First, the linear regressions of 1975 and 2012 data are computed. Then a paris bootstrap sampling of 1000 linear gresressions is perfromed. Following that, the 95% confidence interval of the bootstrap linear regression solpes and intercepts are dertermined.

slope_1975, intercept_1975 = np.polyfit(bl_1975, bd_1975, 1)
slope_2012, intercept_2012 = np.polyfit(bl_2012, bd_2012, 1)

bs_slope_reps_1975, bs_intercept_reps_1975 = \
        draw_bs_pairs_linreg(bl_1975, bd_1975, 1000)
bs_slope_reps_2012, bs_intercept_reps_2012 = \
        draw_bs_pairs_linreg(bl_2012, bd_2012, 1000)

slope_conf_int_1975 = np.percentile(bs_slope_reps_1975, [2.5, 97.5])
slope_conf_int_2012 = np.percentile(bs_slope_reps_2012, [2.5, 97.5])
intercept_conf_int_1975 = np.percentile(bs_intercept_reps_1975, [2.5, 97.5])
intercept_conf_int_2012 = np.percentile(bs_intercept_reps_2012, [2.5, 97.5])

print('1975: slope =', slope_1975,
      '95% conf int =', slope_conf_int_1975)
print('1975: intercept =', intercept_1975,
      '95% conf int =', intercept_conf_int_1975)
print('2012: slope =', slope_2012,
      '95% conf int =', slope_conf_int_2012)
print('2012: intercept =', intercept_2012,
      '95% conf int =', intercept_conf_int_2012)

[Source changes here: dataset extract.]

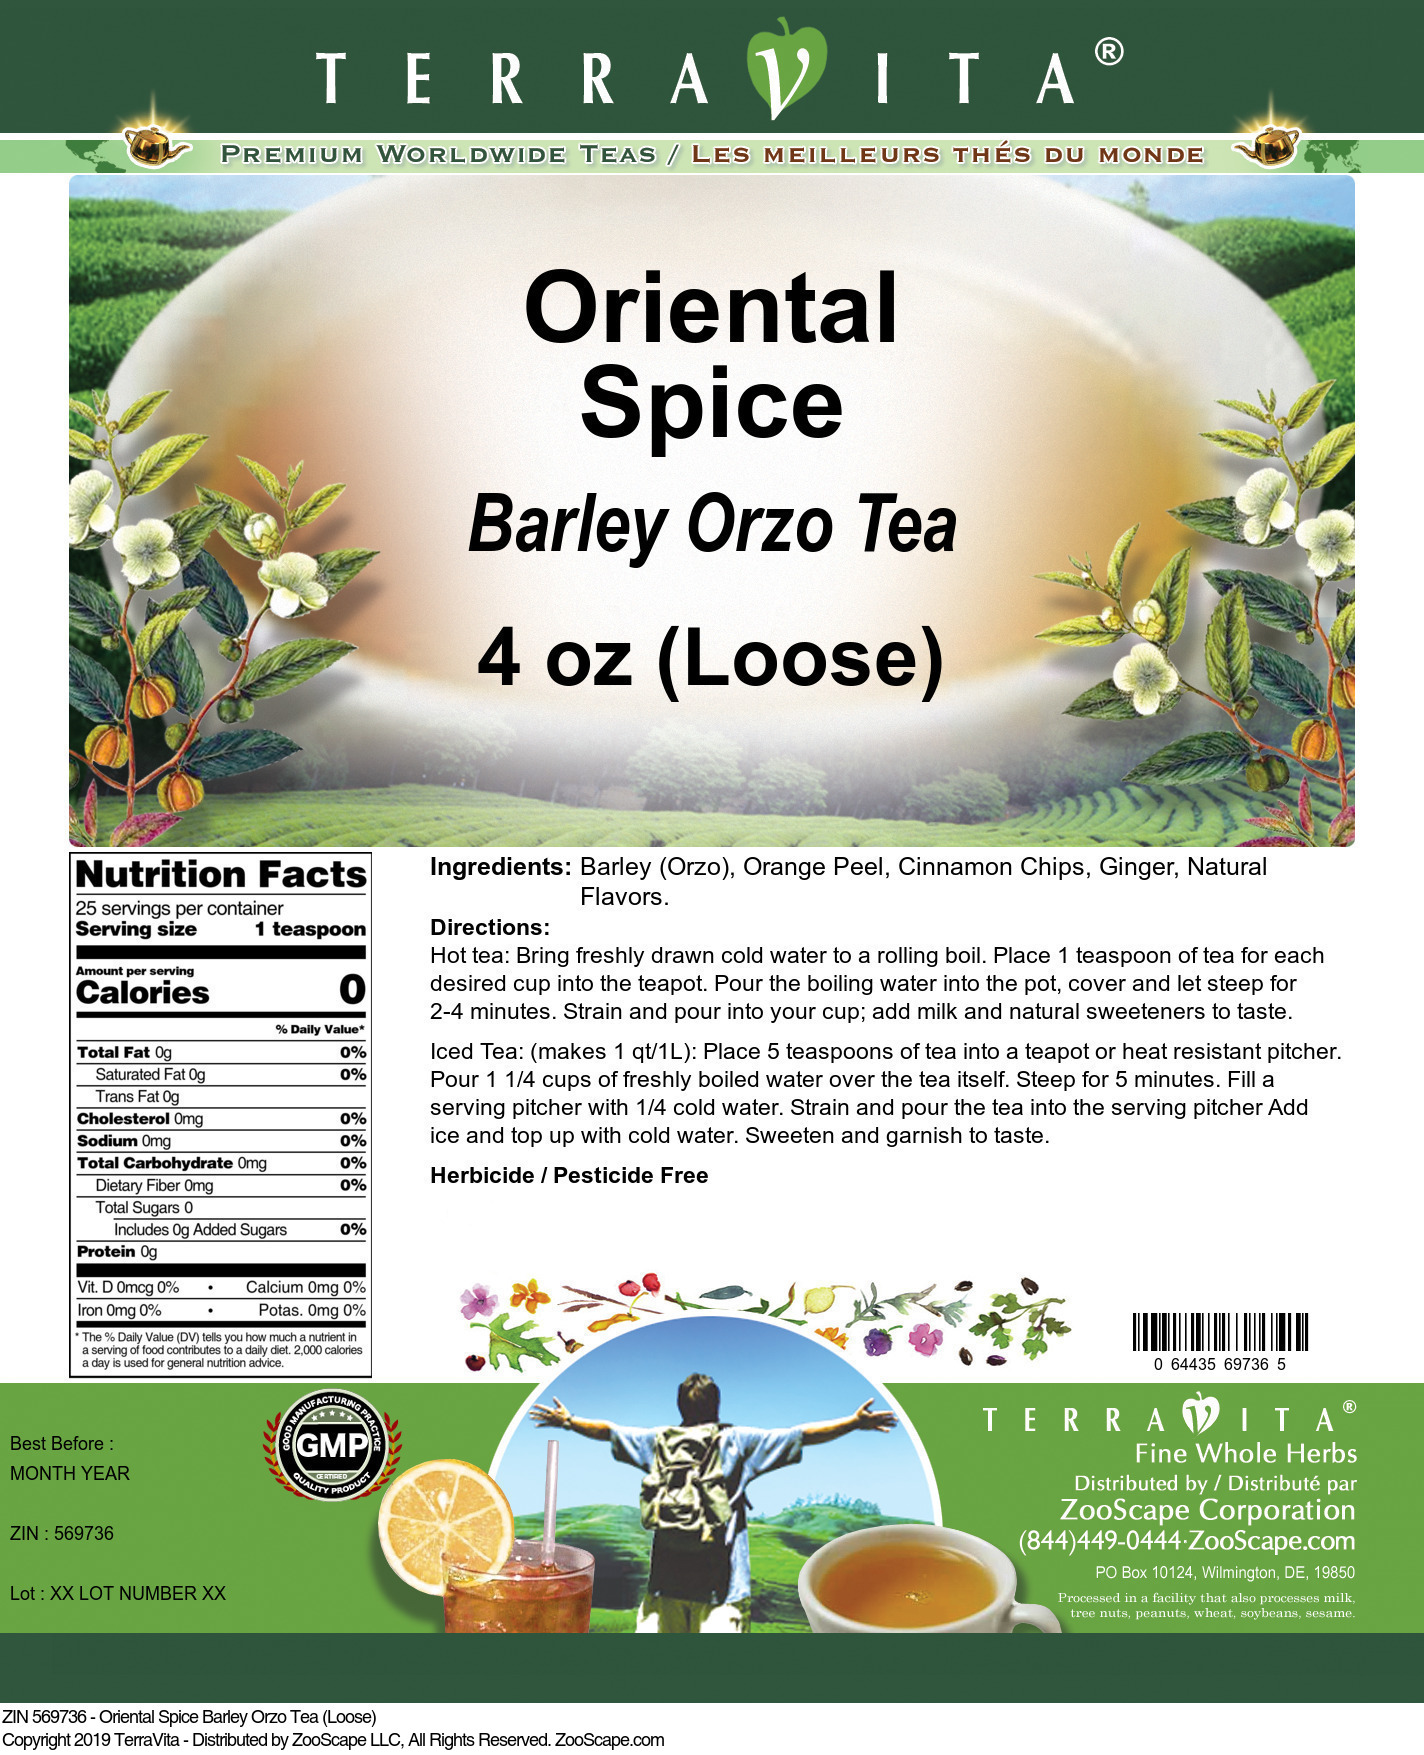 Oriental Spice Barley Orzo Tea (Loose)

1975: slope = 0.465205169161 95% conf int = [ 0.32895048  0.59051248]
1975: intercept = 2.39087523658 95% conf int = [ 0.56980654  4.32921979]
2012: slope = 0.462630358835 95% conf int = [ 0.33013404  0.5971864 ]
2012: intercept = 2.97724749824 95% conf int = [ 1.15904983  4.74841692]

The linear regression data is then plotted.

plt.plot(bl_1975, bd_1975, marker='.',
         linestyle='none', color='blue', alpha=0.5)

plt.plot(bl_2012, bd_2012, marker='.',
         linestyle='none', color='red', alpha=0.5)

plt.title('Linear regressions of G. scandens beak depth vs length')
plt.xlabel('beak length (mm)')
plt.ylabel('beak depth (mm)')
plt.legend(('1975', '2012'), loc='upper left')

# Generate x-values for bootstrap line plots
x = np.array([10, 17])

# Plot the bootstrap lines
for i in range(100):
    plt.plot(x, bs_slope_reps_1975[i] * x + bs_intercept_reps_1975[i],
             linewidth=0.5, alpha=0.2, color='blue')
    plt.plot(x, bs_slope_reps_2012[i] * x + bs_intercept_reps_2012[i],
             linewidth=0.5, alpha=0.2, color='red')

linear regression of beak depth vs length

Exploring the beak length and depth ratio

The beak length and depth are copared to see how the values changed together. Firstly, the original data is compared, then a bootstrap sampling of 10,000 is used to determine a 99% confidence interval.

ratio_1975 = bl_1975 / bd_1975
ratio_2012 = bl_2012 / bd_2012

mean_ratio_1975 = np.mean(ratio_1975)
mean_ratio_2012 = np.mean(ratio_2012)

# Generate bootstrap replicates of the means for 10,000 samples
bs_replicates_1975 = draw_bs_reps(ratio_1975, np.mean, 10000)
bs_replicates_2012 = draw_bs_reps(ratio_2012, np.mean, 10000)

# Compute the 99% confidence intervals
conf_int_1975 = np.percentile(bs_replicates_1975, [0.5, 99.5])
conf_int_2012 = np.percentile(bs_replicates_2012, [0.5, 99.5])

print('1975: mean ratio =', mean_ratio_1975,
      '99% conf int =', conf_int_1975)
print('2012: mean ratio =', mean_ratio_2012,
      '99% conf int =', conf_int_2012)

1975: mean ratio = 1.57888237719 99% conf int = [ 1.55651998  1.60112118]
2012: mean ratio = 1.46583422768 99% conf int = [ 1.4448795   1.48772402]

The mean beak length-to-depth ratio decreased by about 0.1 from 1975 to 2012. The 99% confidence intervals are not overlapping, which indicates that the beak shape changed.